## ASSIGNED TASK
The output must match the lines from the first line of the listing below through the line holding "ASSEGNO - BANCO" exactly and must contain no pictures.

## DATA SEGMENT
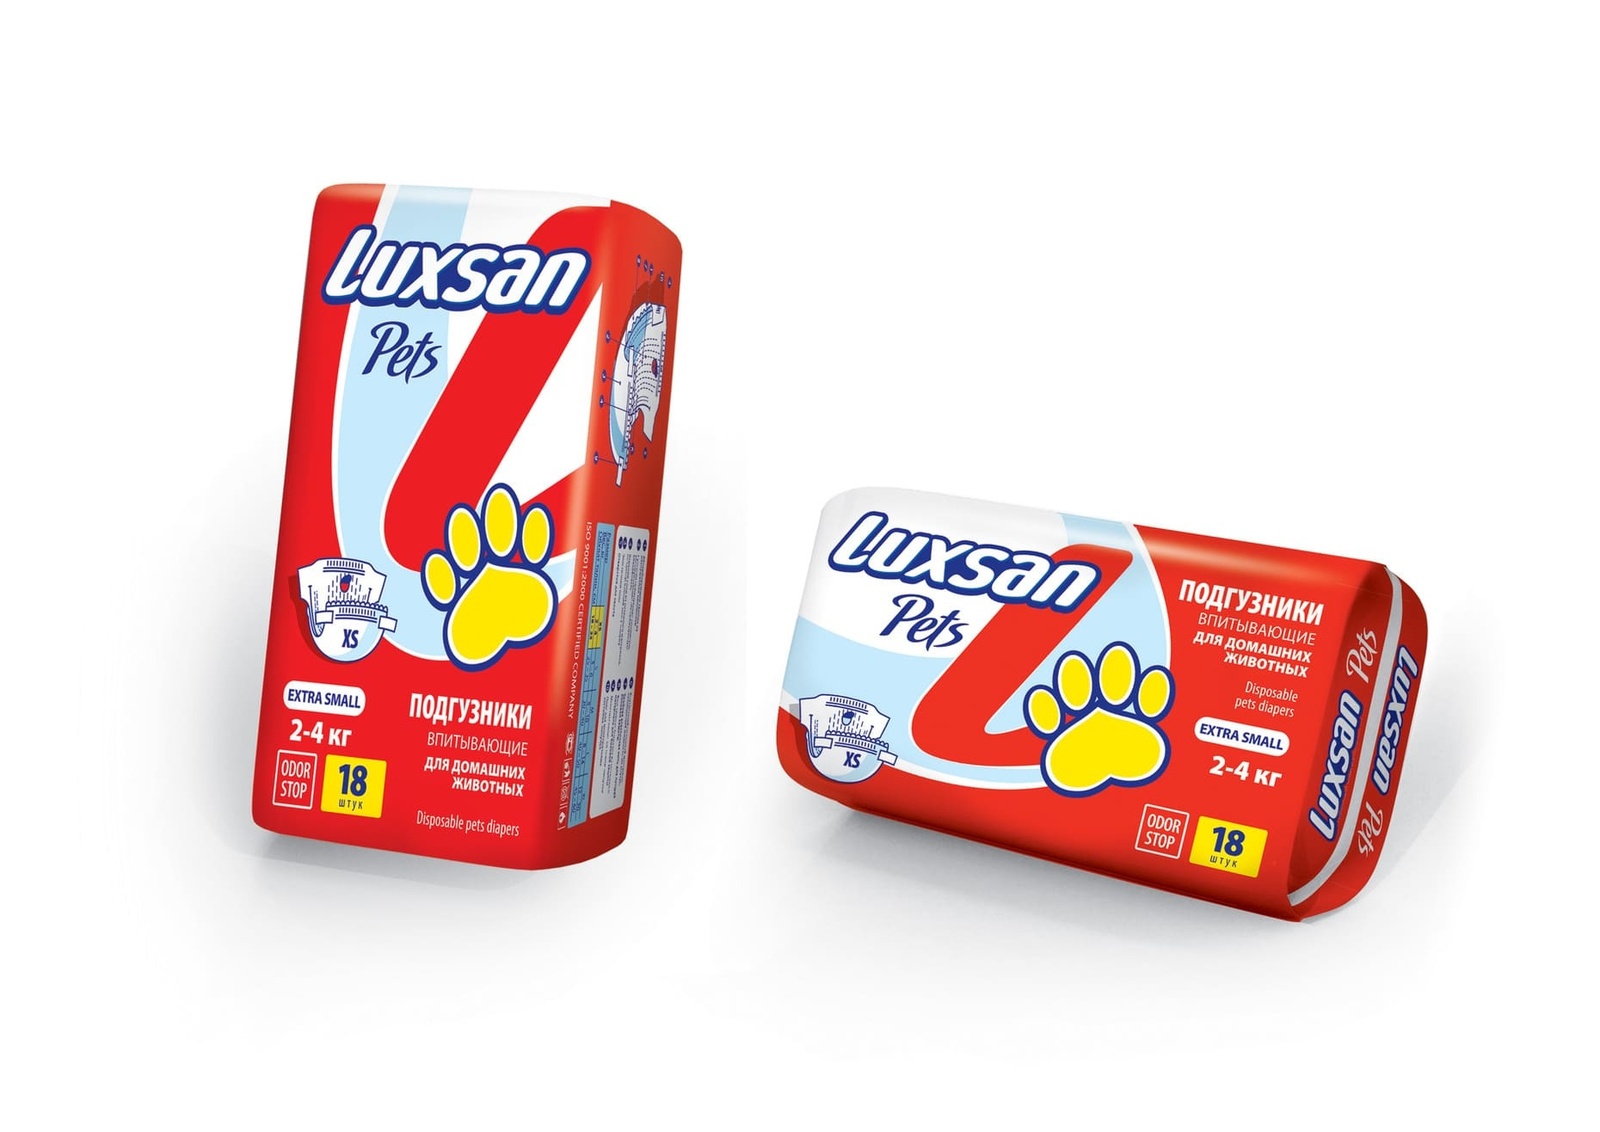 Luxsan Luxsan подгузники для животных: 2-4 кг, 18 шт. (320 г) стельки corbby odor stop black латексн пена нетканый матер безразм с актив углём от запаха
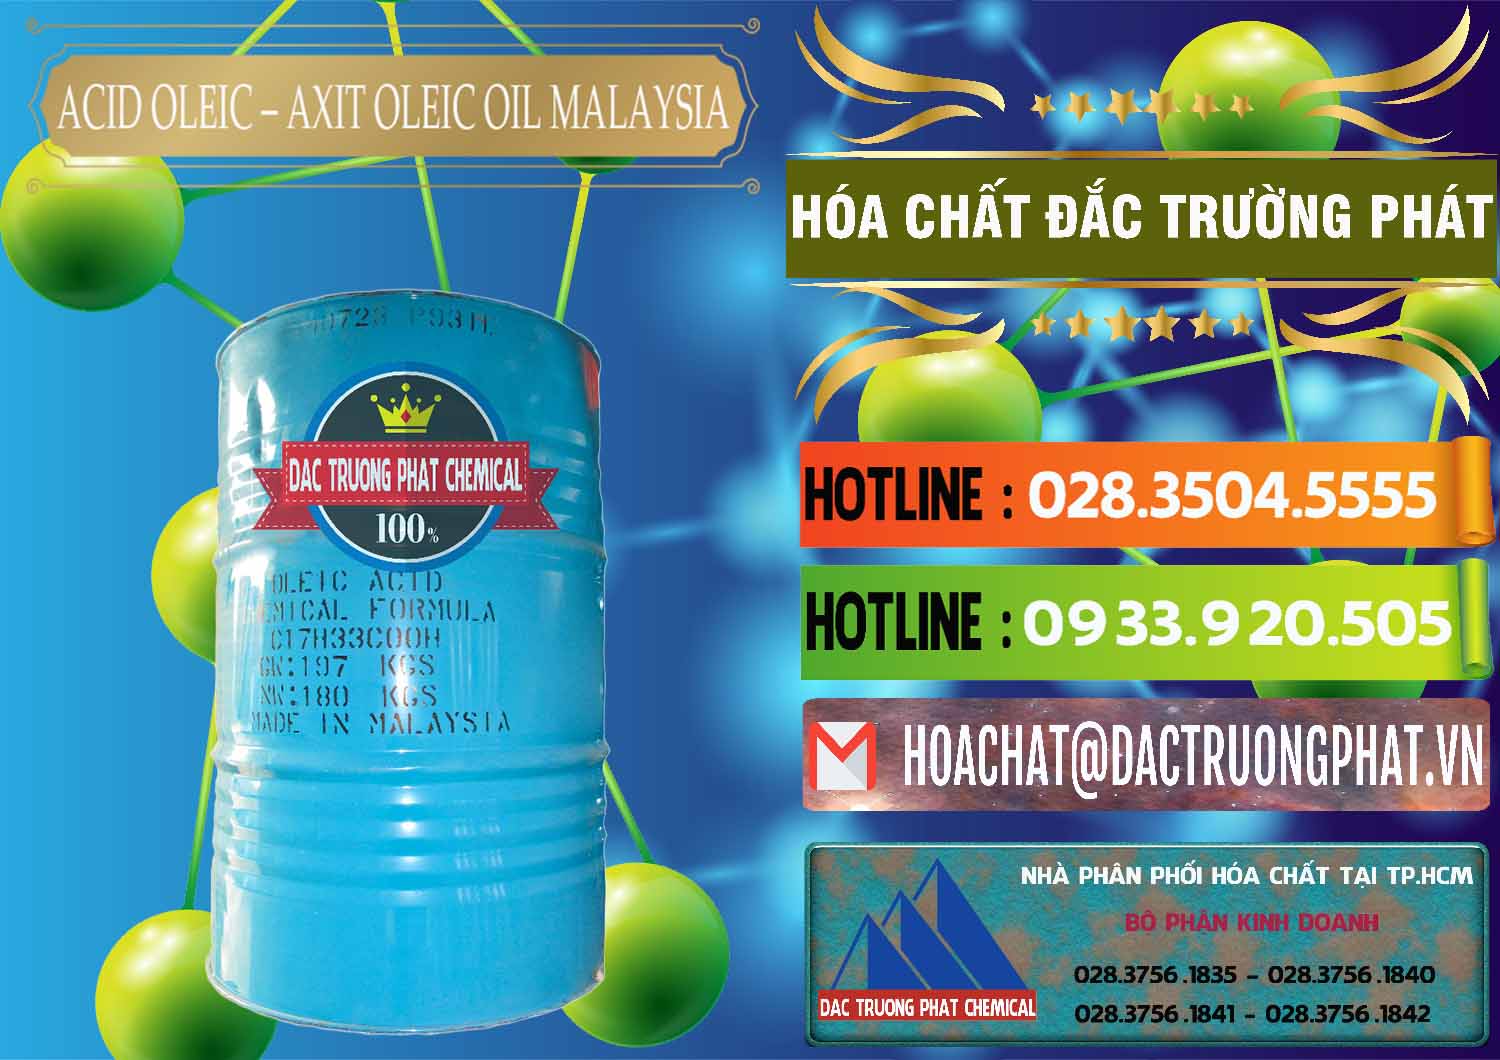 Đơn vị chuyên bán & cung cấp Acid Oleic – Axit Oleic Oil Malaysia - 0013 - Cty phân phối và kinh doanh hóa chất tại TP.HCM - cungcaphoachat.com.vn
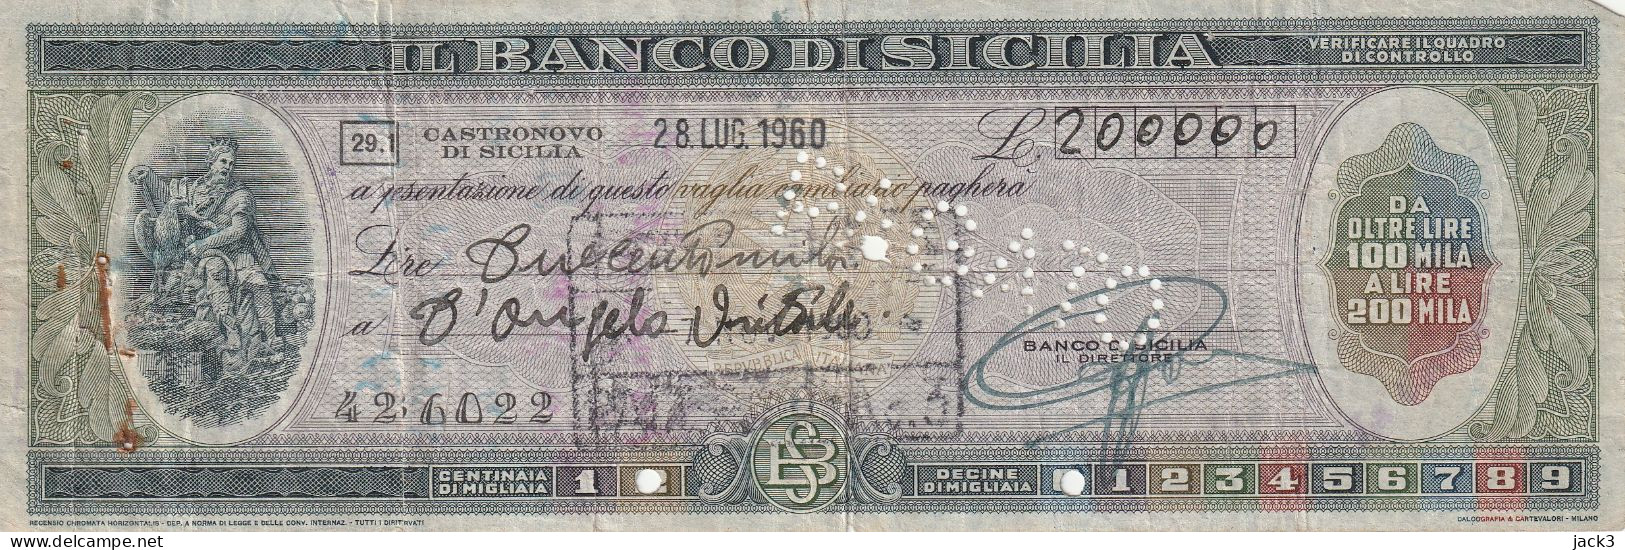 ASSEGNO - BANCO DI SICILIA - CASTRONOVO DI SICILIA 1960 - Cheques & Traverler's Cheques
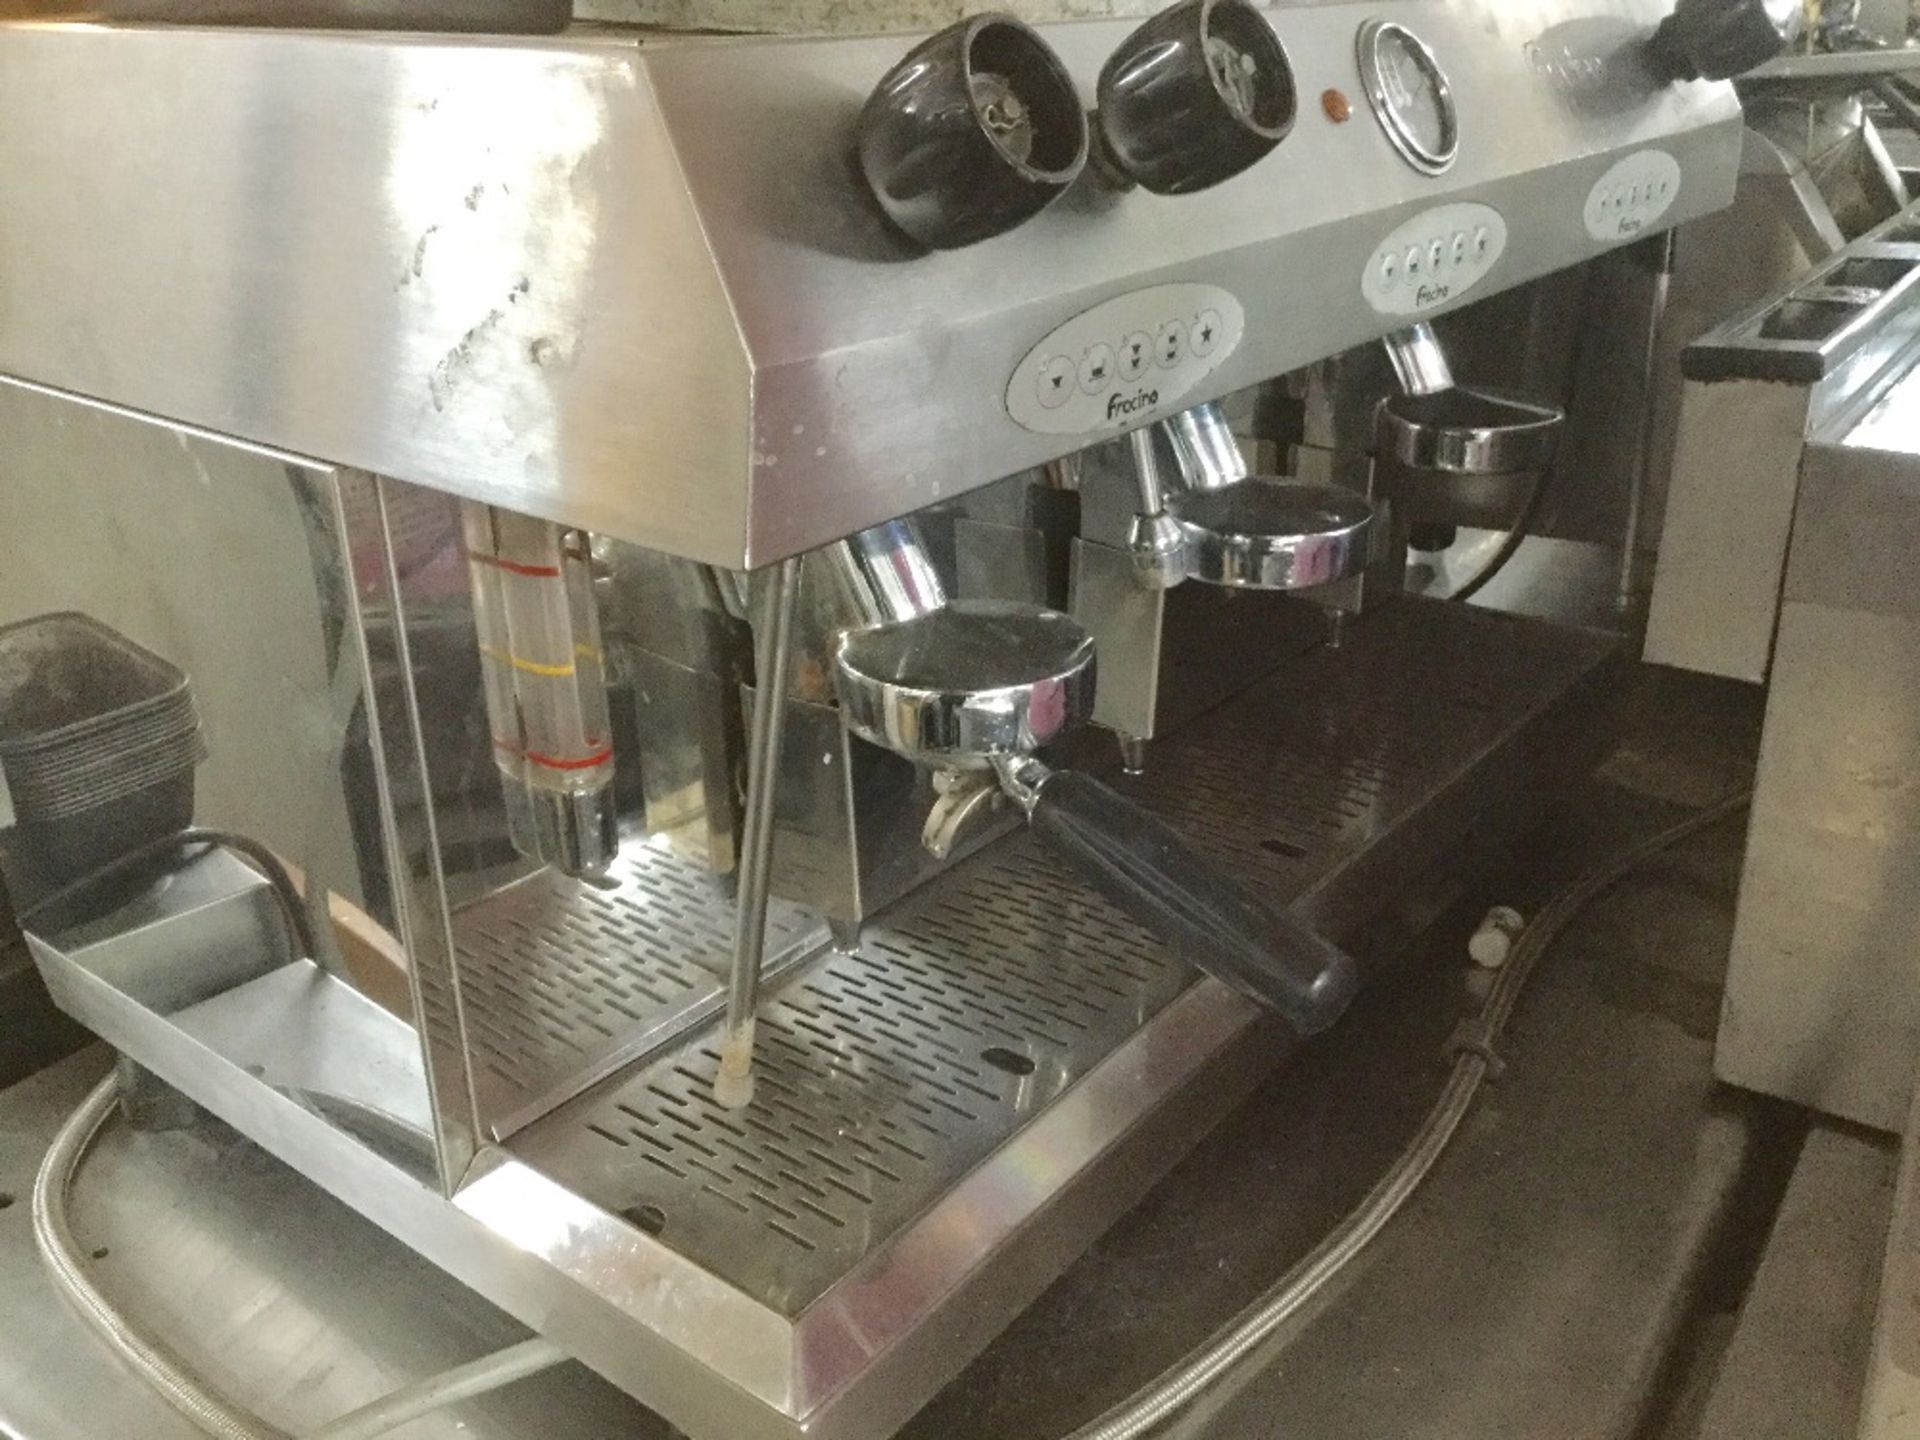 Fracino 3 Group Espresso Coffee Machine – as found – NO VAT

## SOLUTION BELOW
 Luxsan Luxsan подгузники для животных: 2-4 кг, 18 шт. (320 г) стельки corbby odor stop black латексн пена нетканый матер безразм с актив углём от запаха
 Đơn vị chuyên bán & cung cấp Acid Oleic – Axit Oleic Oil Malaysia - 0013 - Cty phân phối và kinh doanh hóa chất tại TP.HCM - cungcaphoachat.com.vn
 ASSEGNO - BANCO DI SICILIA - CASTRONOVO DI SICILIA 1960 - Cheques & Traverler's Cheques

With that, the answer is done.